PROBLEM TO WORK ON:
In the entries that follow, find the line containing "A Lobster on the El Acuario dive" and the line containing "Серверный корпус 3U", then retype exactly the lines from the first through the second, pictures excluded.

AVAILABLE RECORDS:
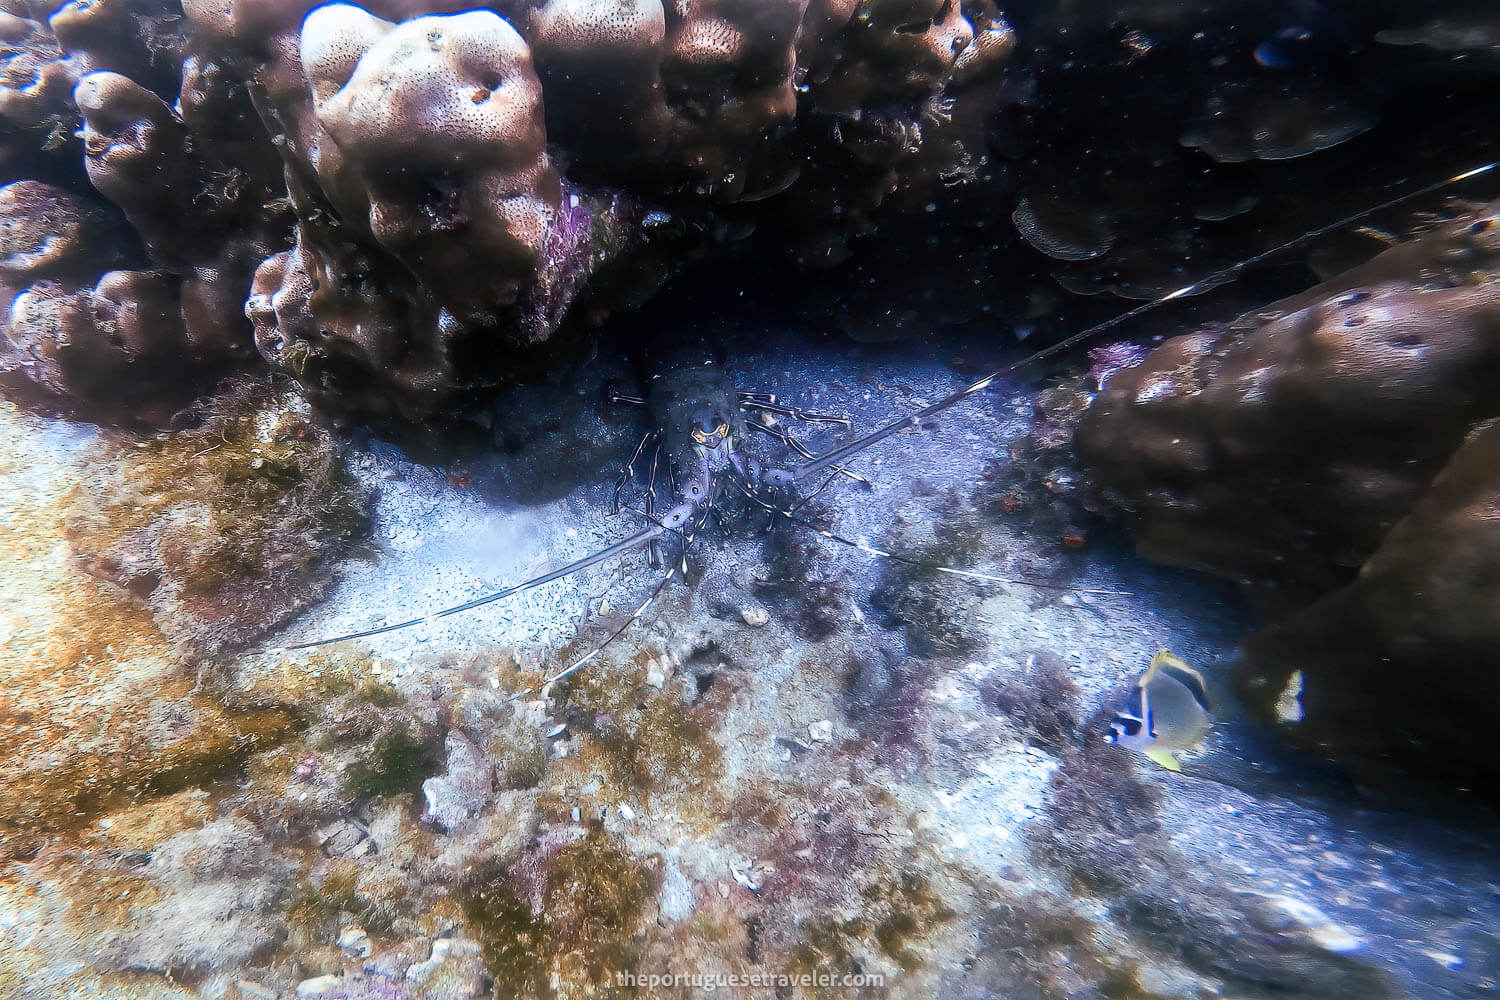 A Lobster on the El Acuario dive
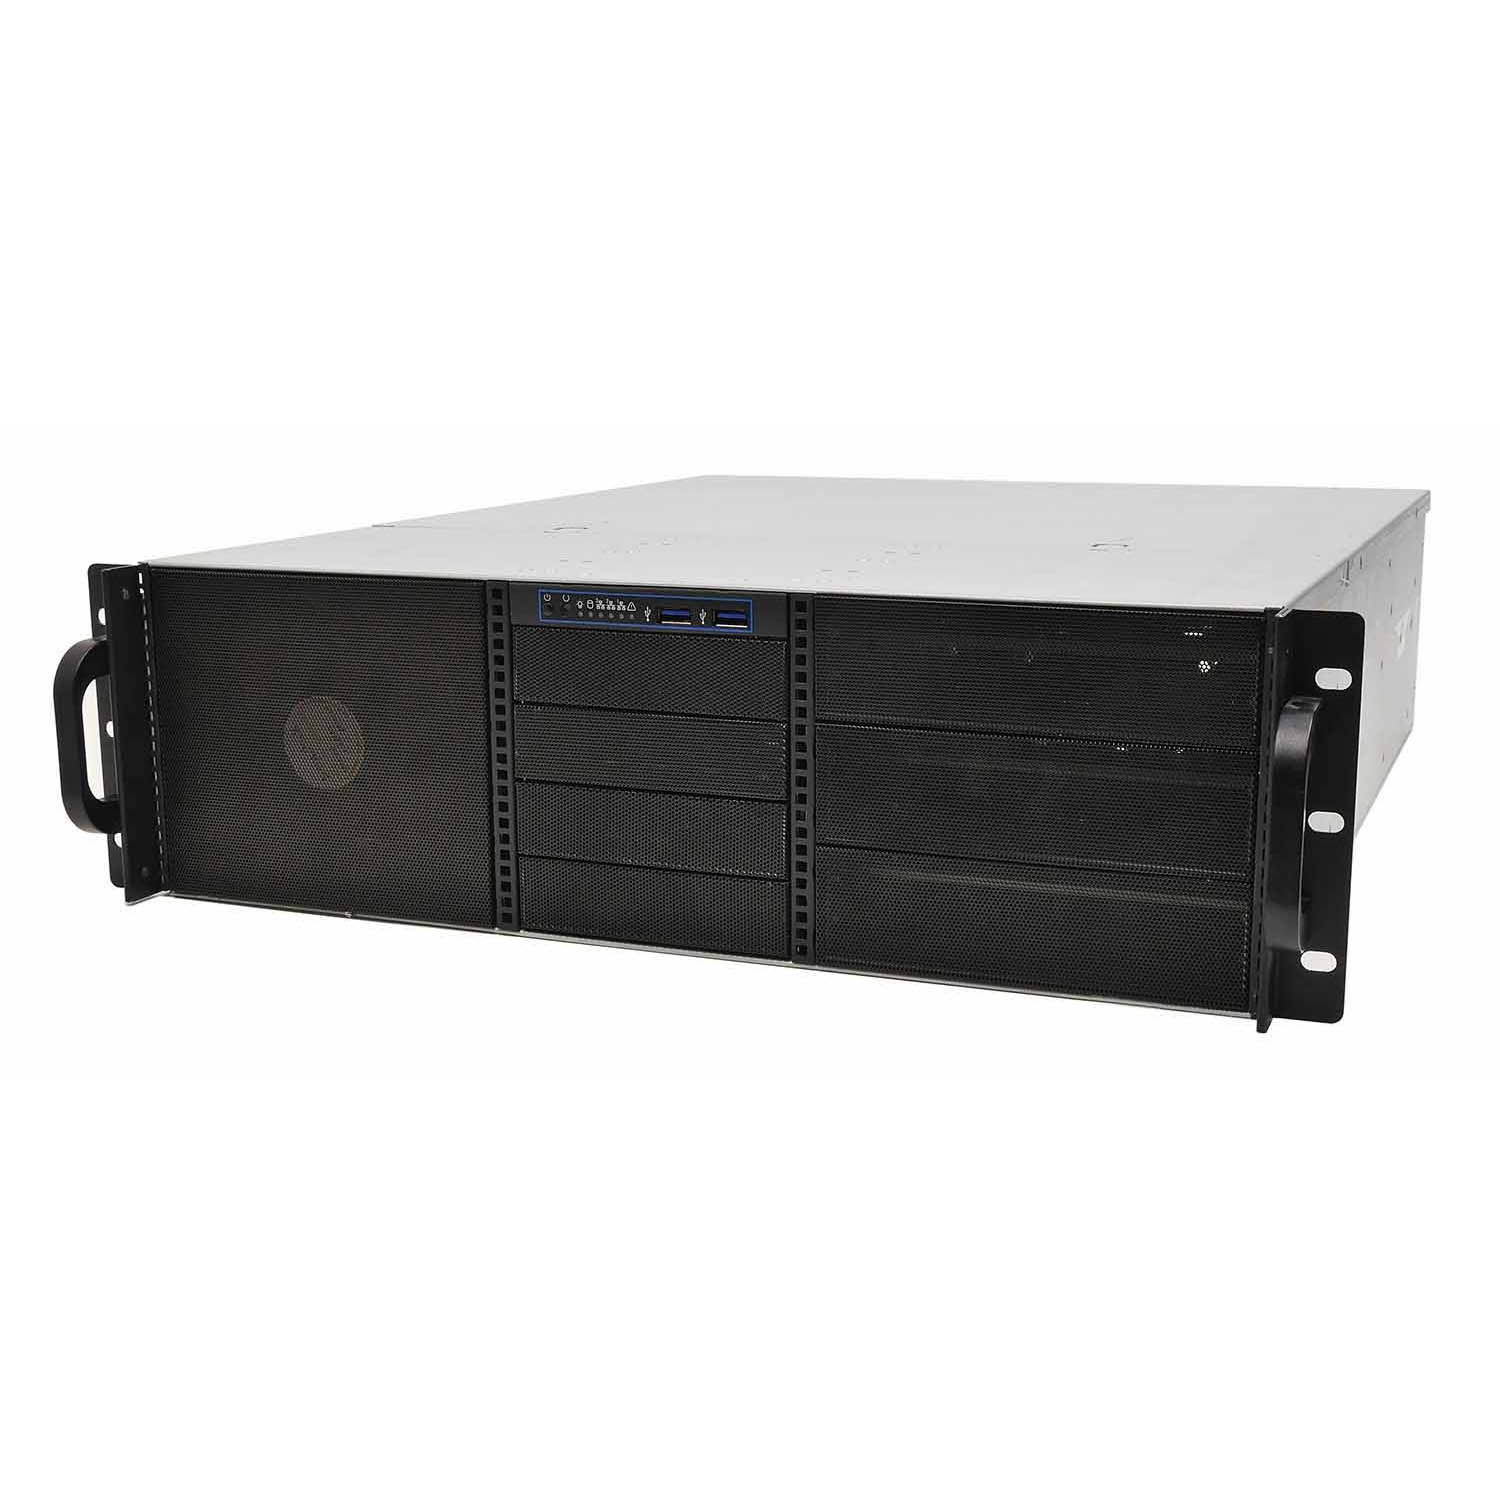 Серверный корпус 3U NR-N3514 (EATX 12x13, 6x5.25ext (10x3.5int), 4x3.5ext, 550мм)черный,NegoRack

--

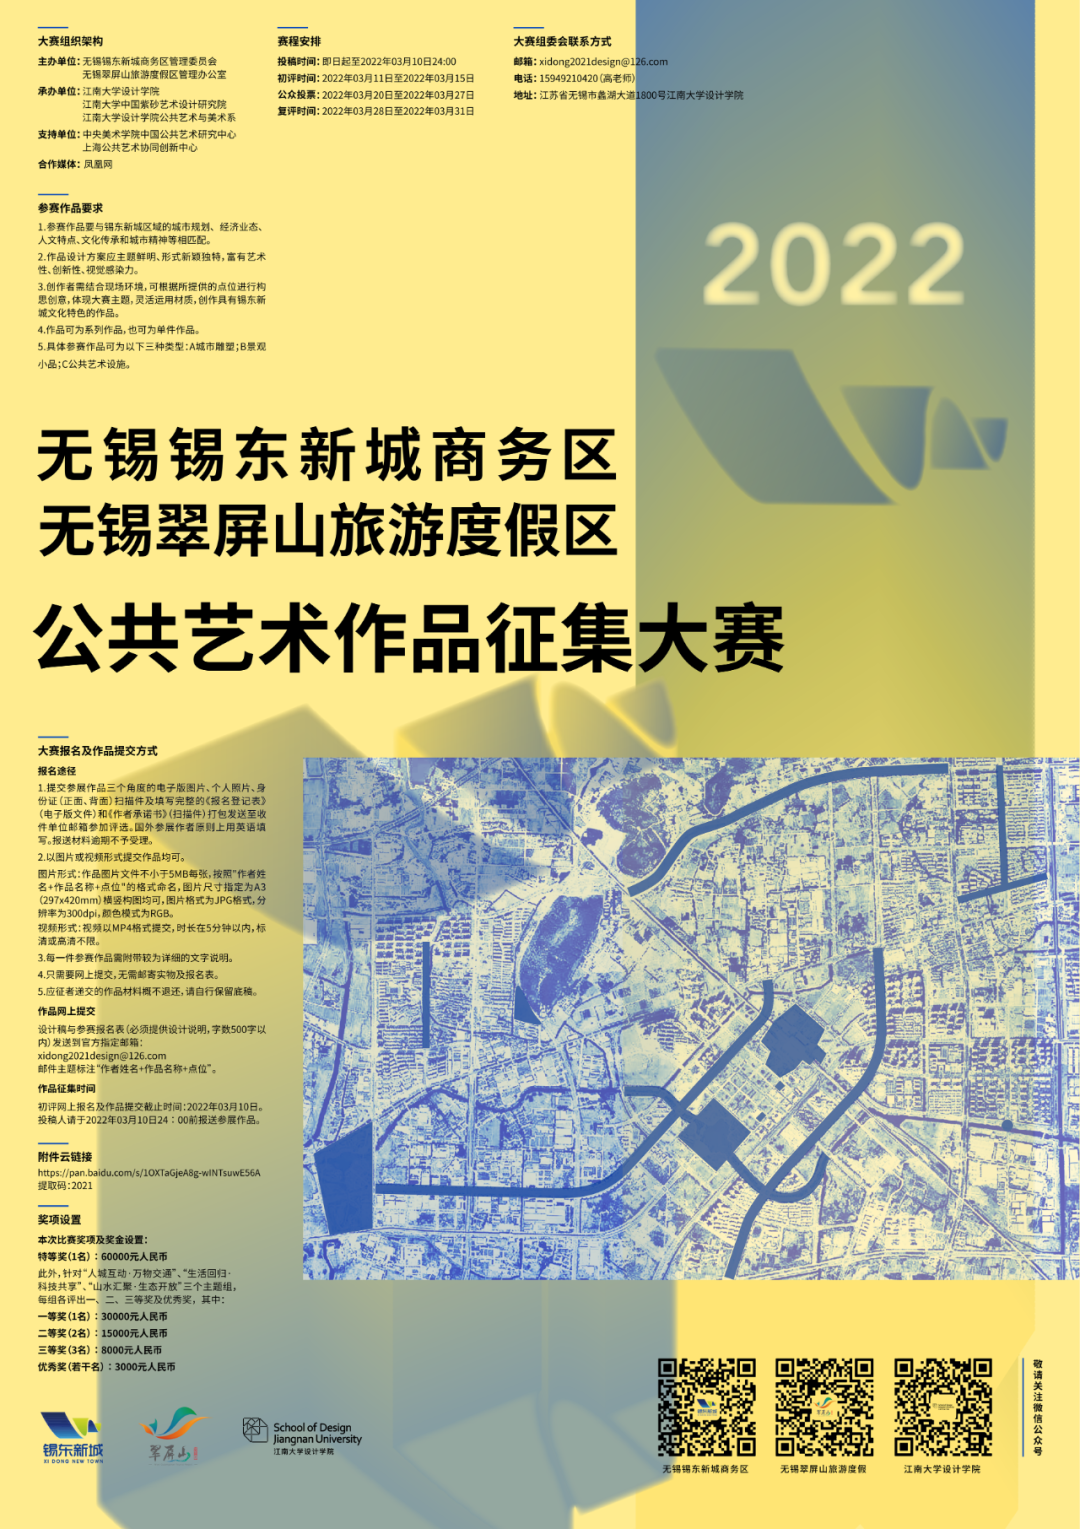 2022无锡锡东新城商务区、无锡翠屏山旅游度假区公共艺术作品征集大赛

RESULT:
 A Lobster on the El Acuario dive
 Серверный корпус 3U NR-N3514 (EATX 12x13, 6x5.25ext (10x3.5int), 4x3.5ext, 550мм)черный,NegoRack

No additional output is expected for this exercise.